Tune in to hear more about:
- Why sales and marketing are about timing and trust and how companies can leverage trust as an asset more often.
- Why relationships are critical to business success, and why it’s not always easy to measure their depth.
- How SmallWorld helps companies identify the fastest path of connectivity into senior-level decision-makers by getting down to the person level and enabling warm introductions from people within the ecosystem of a company who have relationships and intrinsic motivation to make those introductions.
Watch the video, listen in below and/or read the transcript below.
Matt: All right. Welcome everyone to another episode of Sales Pipeline Radio. I am your host, Matt Heinz excited to be with you here on another Thursday. As the days get warmer, the days get longer. definitely well into spring, up here in the beautiful Pacific Northwest, wherever you are watching and listening.
If you’re watching listening live today to Sales Pipeline Radio. Thank you so much for joining us in the middle of your workday. If you are. Live with us on LinkedIn. You yes, you can be part of this conversation in this call today. If you have a question or comment for our guests today, if you have a rebuttal, something interesting to say, feel free to throw that into the LinkedIn chat.
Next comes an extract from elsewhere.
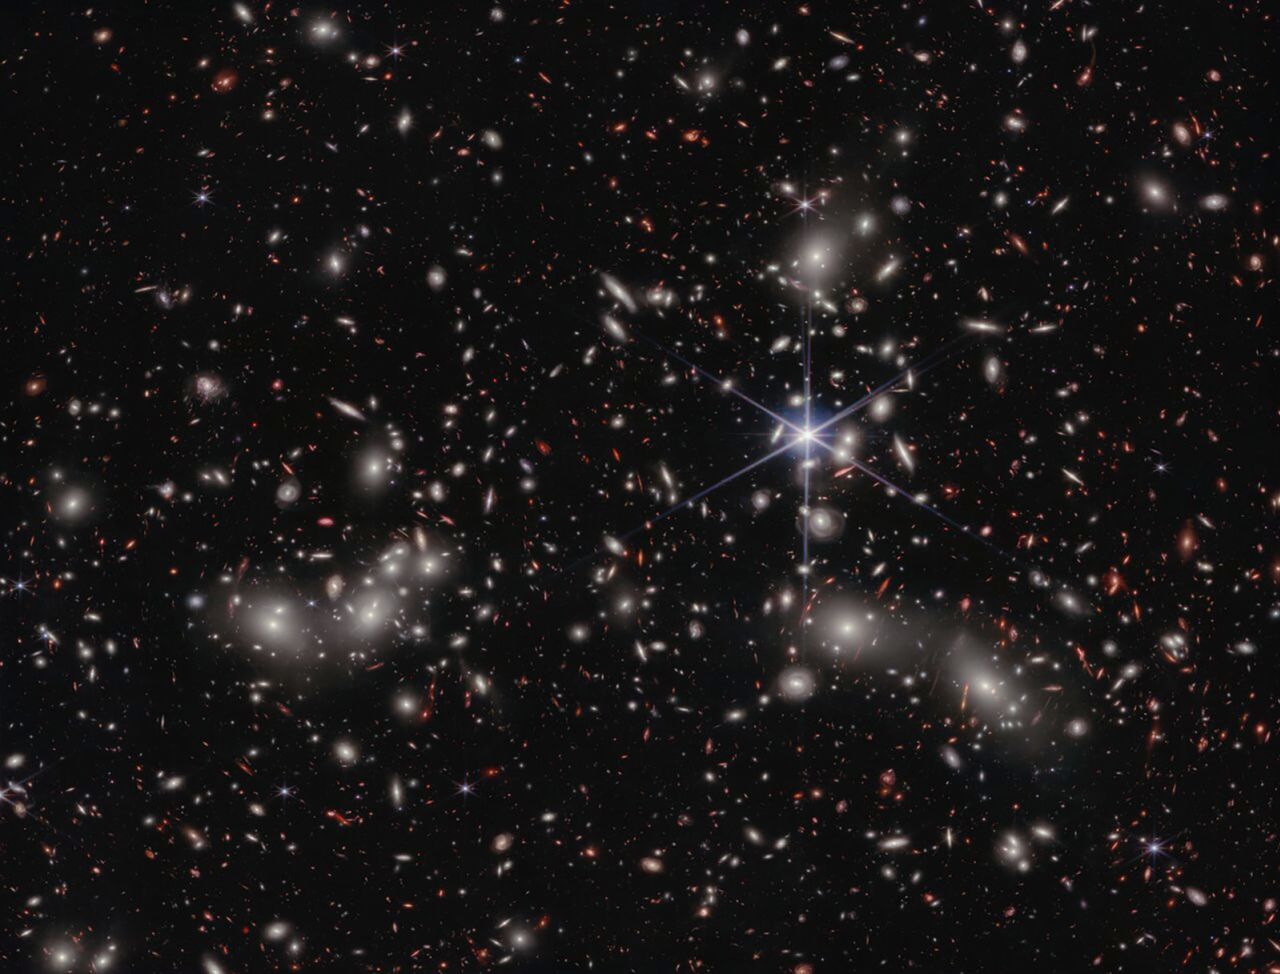 The James Webb Space Telescope captured 50,000 sources of near-infrared light in a new image of Pandora's Cluster, a megacluster of galaxies. The cluster acts like a magnifying glass, allowing astronomers to see more distant galaxies behind it.

We’ll reference you, we’ll bring you up on screen. bring your comment on screen and try to make this as interactive as possible if you are listening and watching, on demand. Thank you so much for continuing to [00:01:00] download, to subscribe, every episode of Sales Pipeline Radio. Past, present, and future available at salespipelineradio.com, on demand download. lots of good stuff in the, in the archives. Great speakers. Great authors, great, entrepreneurs. Very excited today to have, joining us, the, the founder, of Small World, David Rush. Dave, thanks for joining us today.
David: Thanks Matt. Great to be here.
Matt: So I’ve been really excited about finally getting you on the show, because I think, the more tech we get, the more AI becomes part of the headlines, the more it just reinforces to me that machines can only go so far and that it really is the relationships we have with each other that has always been and will likely continue to be the very backbone of business.
Talk a little bit about what you’re building with SmallWorld and why that’s so important right now.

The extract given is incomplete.